- Opening Delimiter -

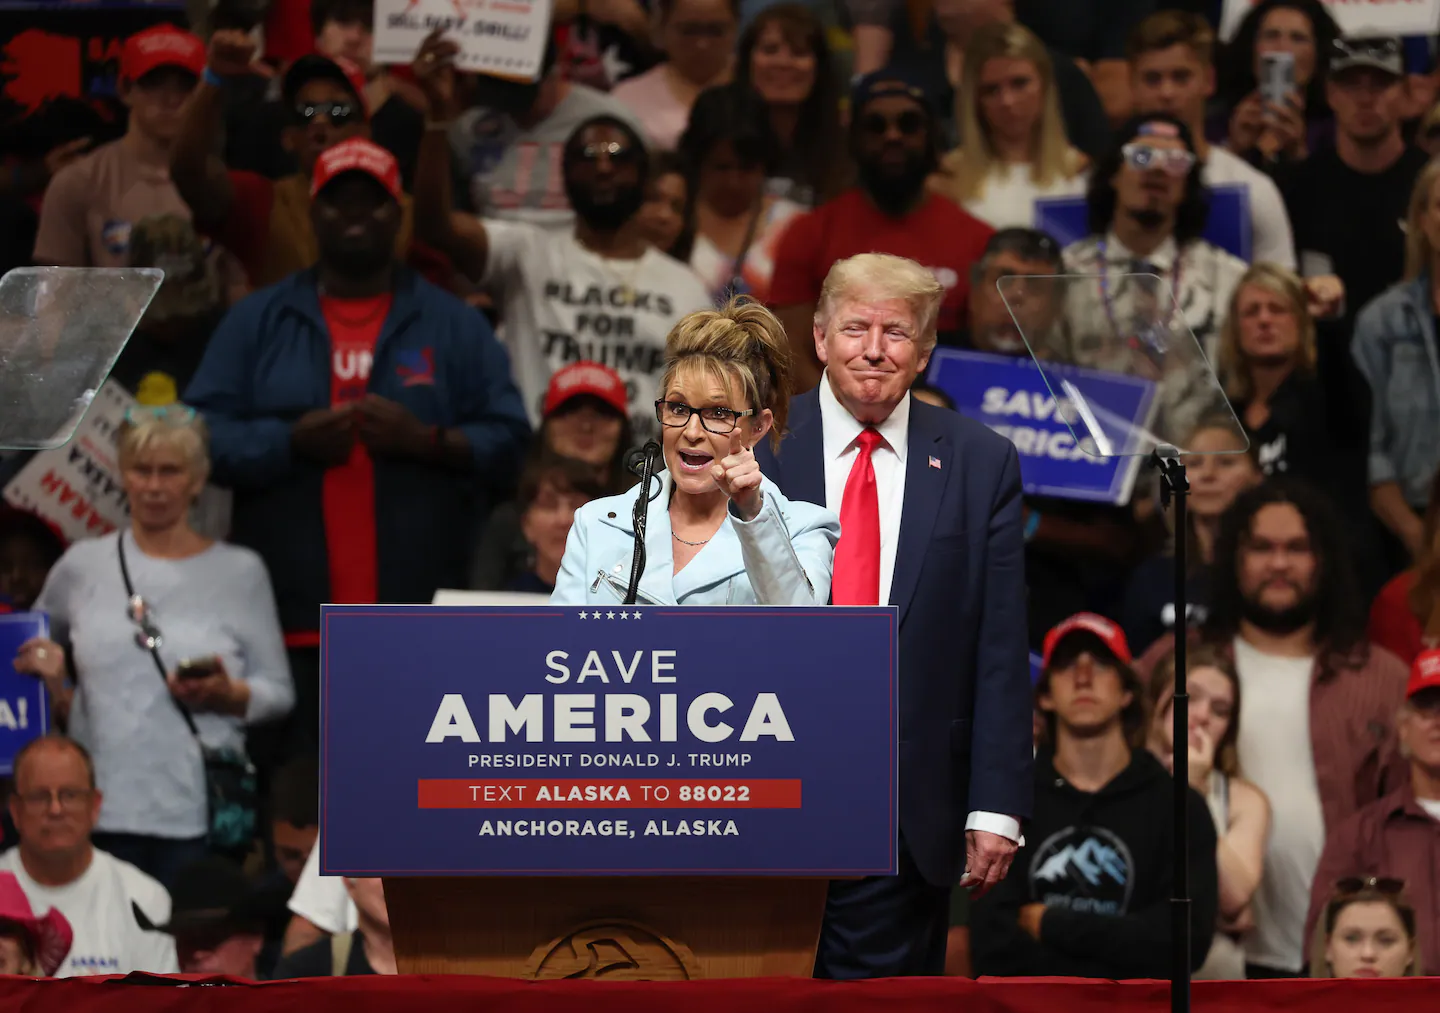 El voto de Alaska pone a prueba la influencia de Trump, la apuesta de Palin por un nuevo sistema electoral
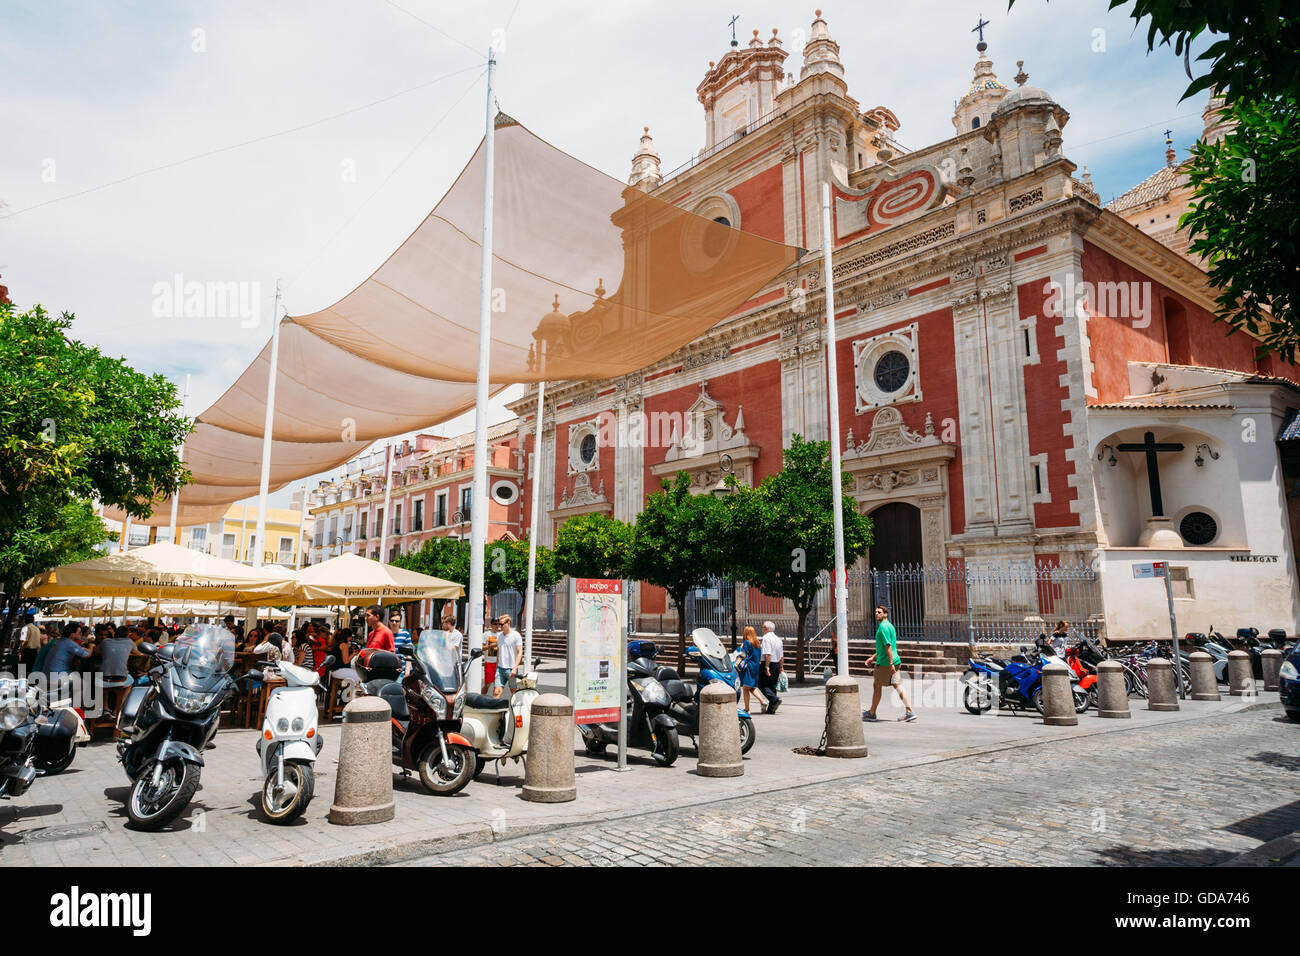 Siviglia, Spagna - 24 Giugno 2015: moto, moto, scooter parcheggiata vicino alla chiesa barocca di El Salvador o Iglesia del Salva Foto Stock
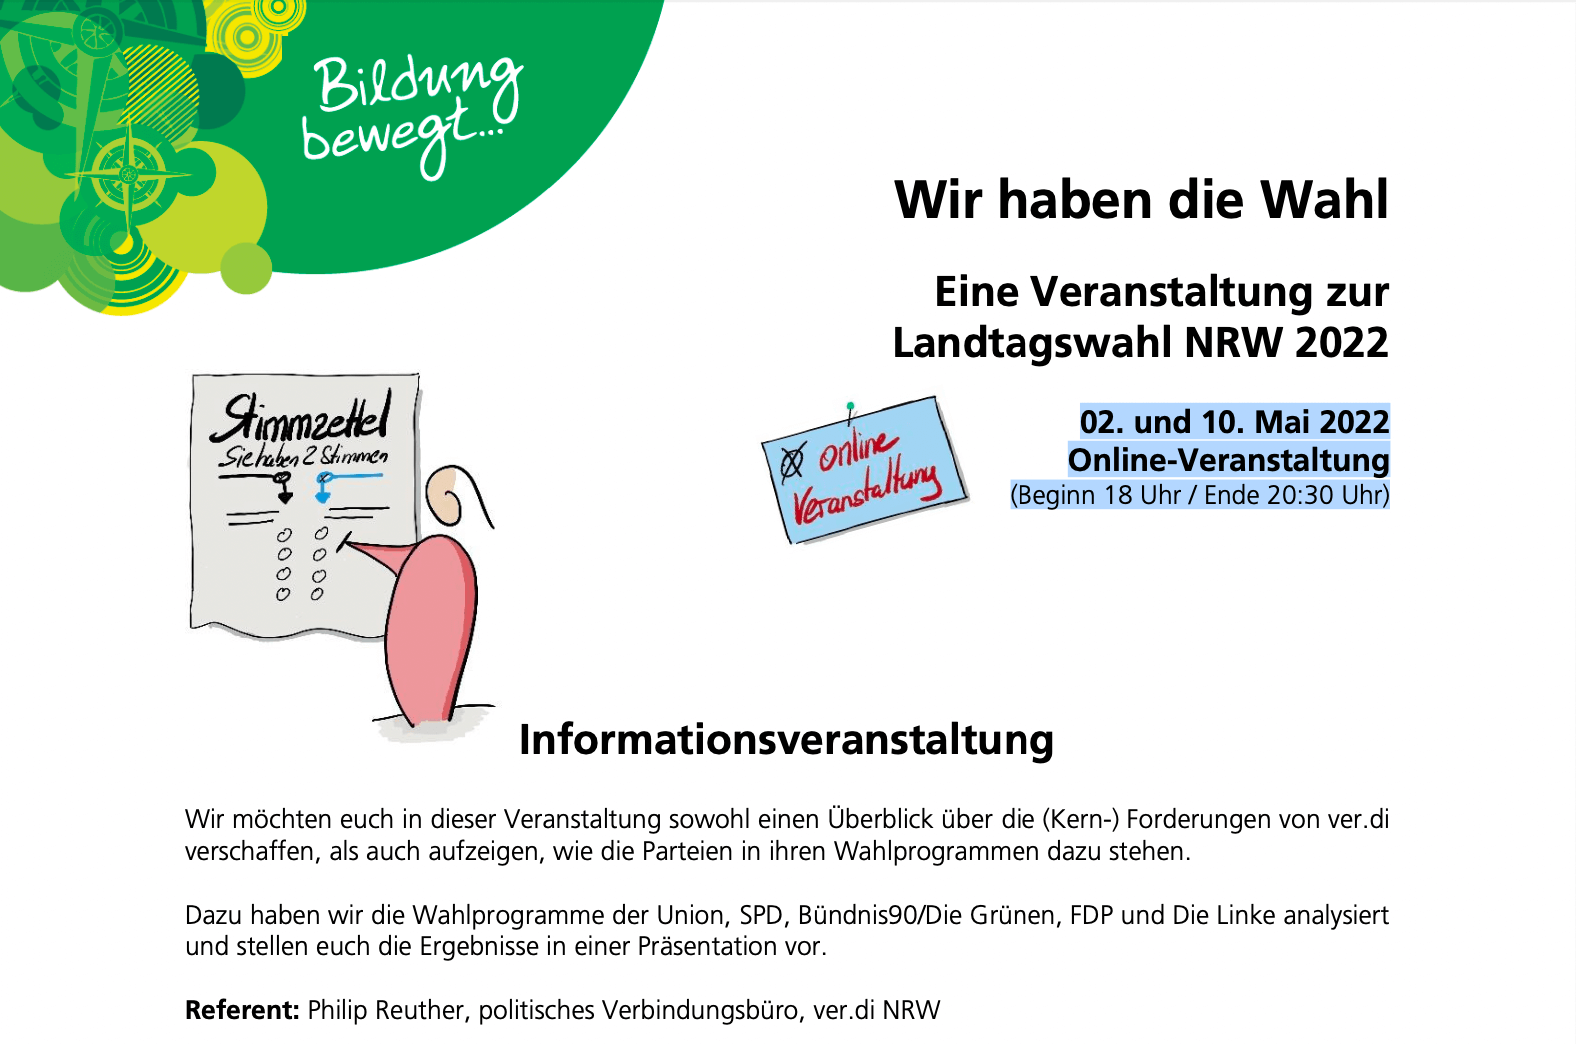 ver.di NRW: Wir haben die Wahl - eine Veranstaltung zur Landtagswahl NRW 2022

- Closing Delimiter -

*WHAT YOU ARE ASKED TO DO*. The full listing must come back exactly as written, with its pictures left out.

*TASK ANSWER*.
 El voto de Alaska pone a prueba la influencia de Trump, la apuesta de Palin por un nuevo sistema electoral
 Siviglia, Spagna - 24 Giugno 2015: moto, moto, scooter parcheggiata vicino alla chiesa barocca di El Salvador o Iglesia del Salva Foto Stock
 ver.di NRW: Wir haben die Wahl - eine Veranstaltung zur Landtagswahl NRW 2022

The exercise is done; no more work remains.